Like anyone else, Yeshua the Nazarene, known to us as Jesus, had his good points and his bad points. As with anyone else, we have to take the bad with the good.
Traditionalist Christians assert that Jesus claimed to be maschiach — the messiah, the christ, the anointed one, understood at that time to mean the warrior-king who would vanquish Israel's oppressors and usher in God's reign. If he did make that claim, he didn't deliver on it.
Some traditionalists assert that Jesus claimed to be God incarnate. There's essentially no credible evidence to support that assertion. Only the Fourth Gospel says so, and it has all the earmarks of a late, imaginative revisionism. And even if Jesus did make such a claim, there's no reason to take his word for it.
C.S. Lewis facilely says that anyone saying the things Jesus did had to be either liar, lunatic, or Lord. That's a false trichotomy. There’s no reason to think Jesus couldn’t have been a singularly gifted prophet and, at the same time, a little bit nuts (as his family seemed to have thought).
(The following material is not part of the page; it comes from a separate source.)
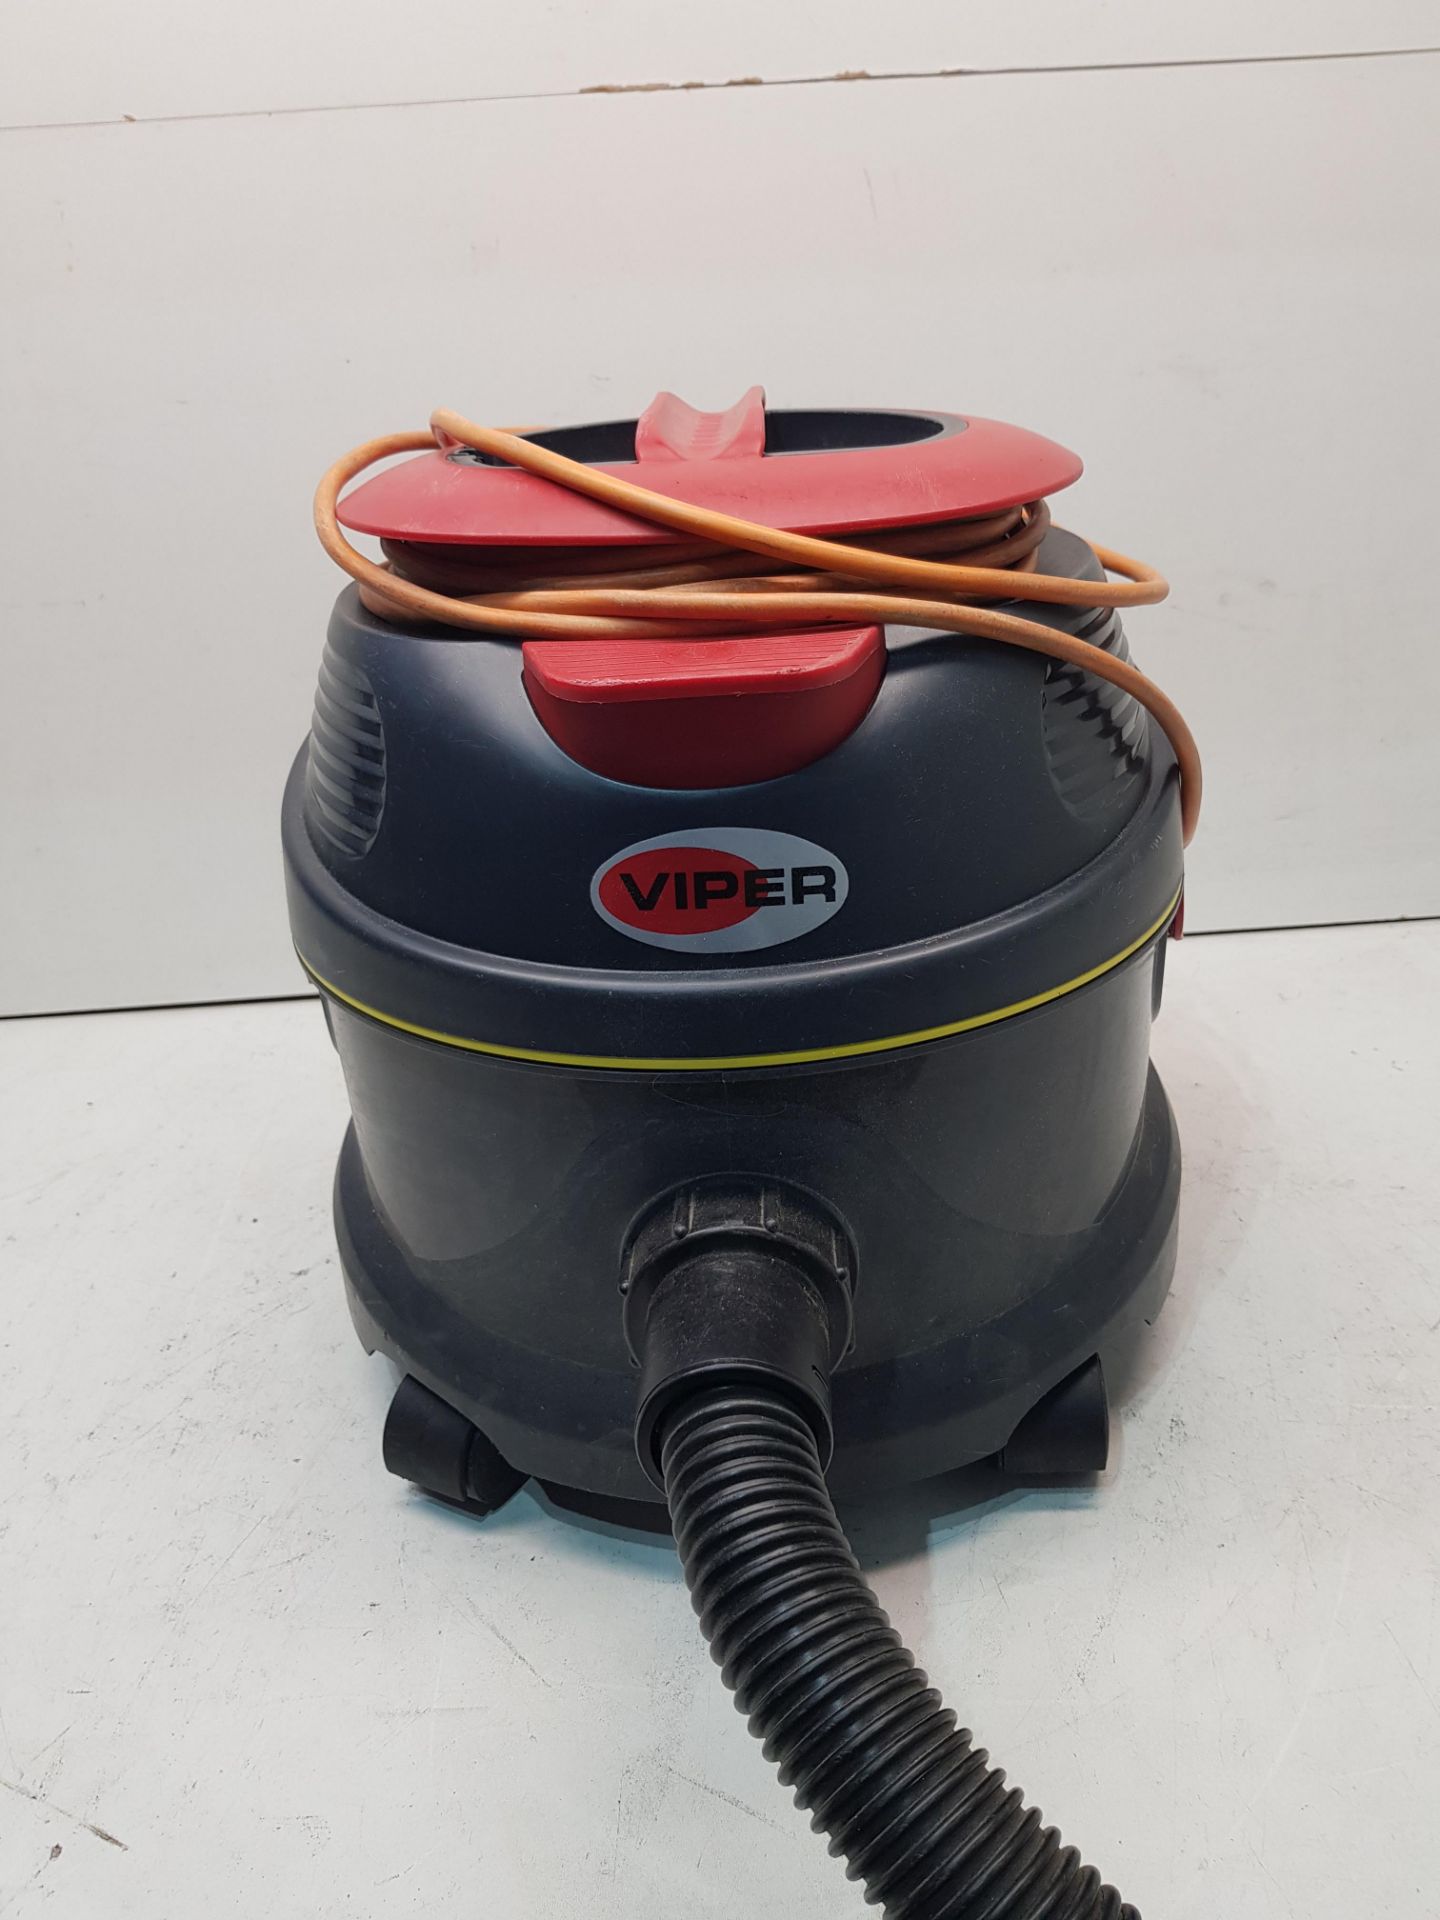 Viper Vacuum Cleaner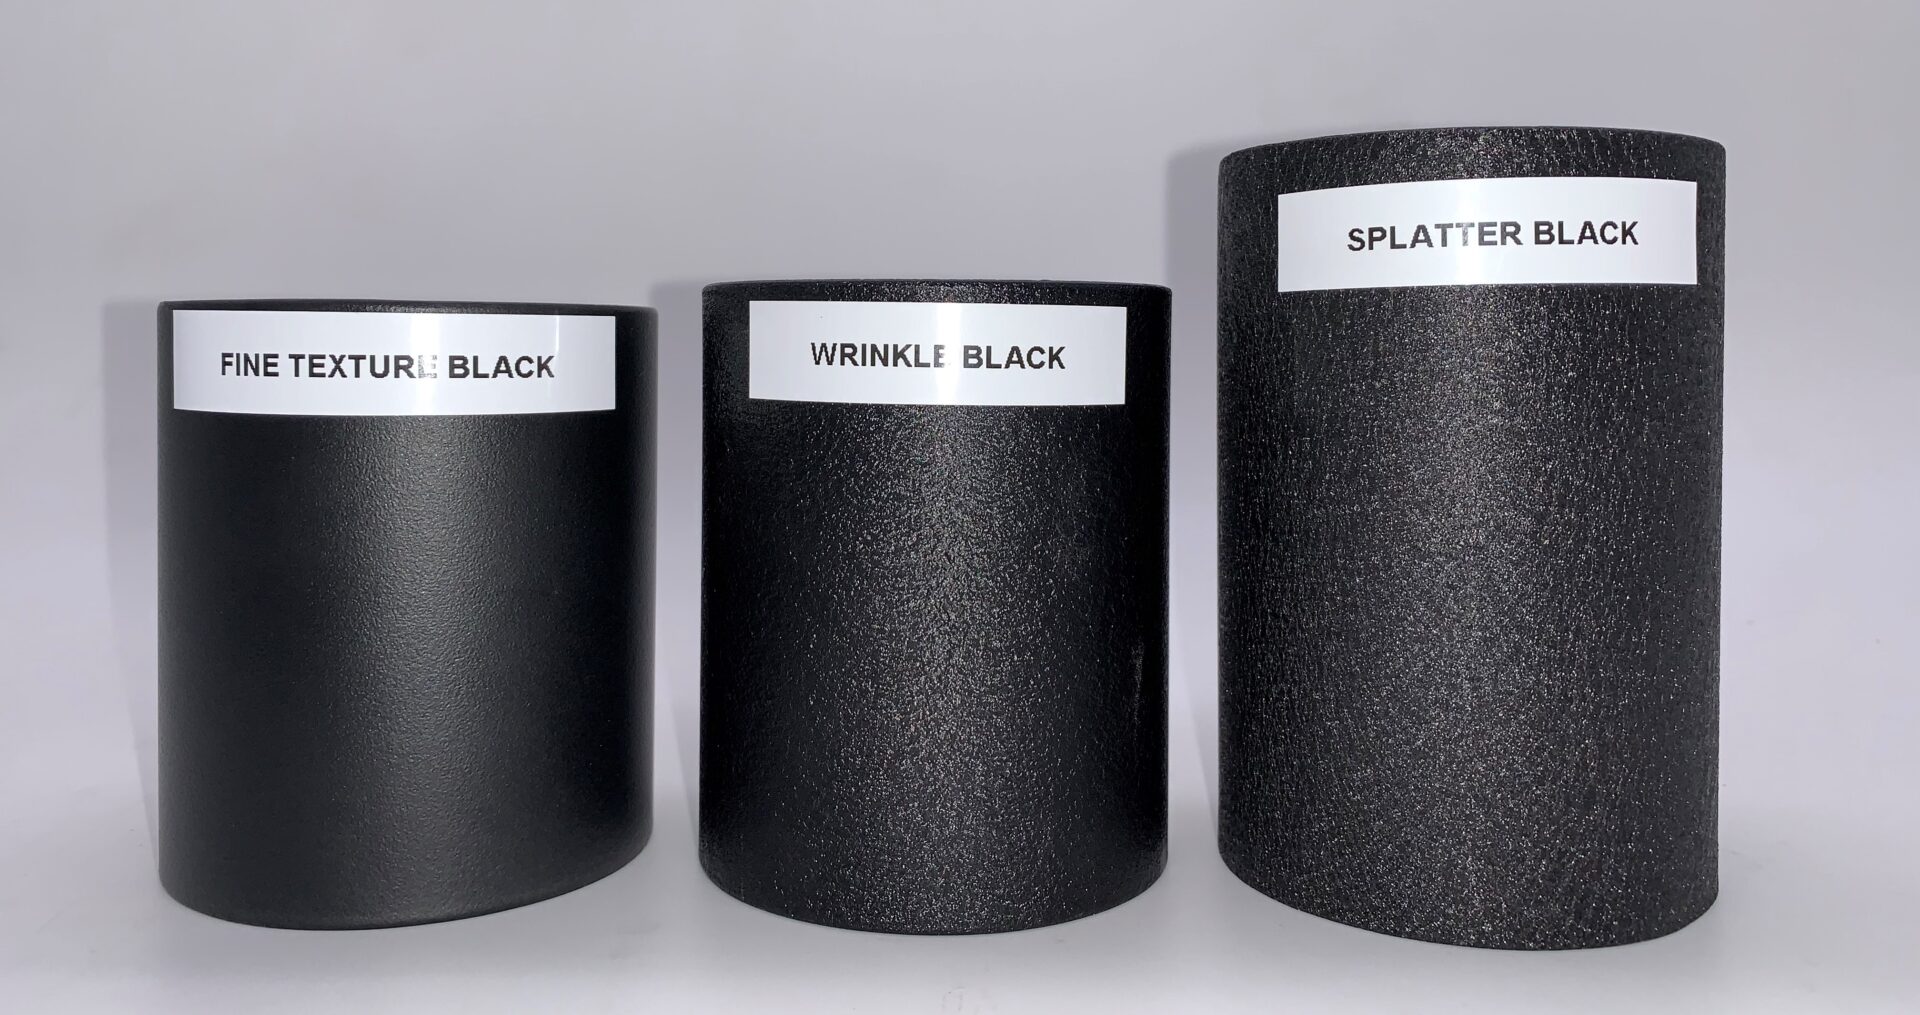 Three splatter black and wrinkle black

Still, Jesus is worth emulating. The things he stressed have proved to be solid guides for leading a fulfilled, useful life (not to mention pillars of the human race's evolutionary success). Jesus stressed, for example:
- the Great Commandment — putting Ultimate Reality first, loving "him" with our whole heart, mind, soul, and strength;
- the Summary of the Law — seeking the best for our neighbor as we would for ourselves (and our neighbor is anyone who crosses our path);
- facing the facts and adapting accordingly, instead of insisting on living in a fantasy world that exists only in our imaginations;
- trusting that, no matter how bad things may seem, in the end all will be well.
And Jesus is also worth emulating because he was faithful to his duty to God as his saw it, even unto death.
(Harvested from a pretty-intense discussion this past weekend at TitusOneNine.)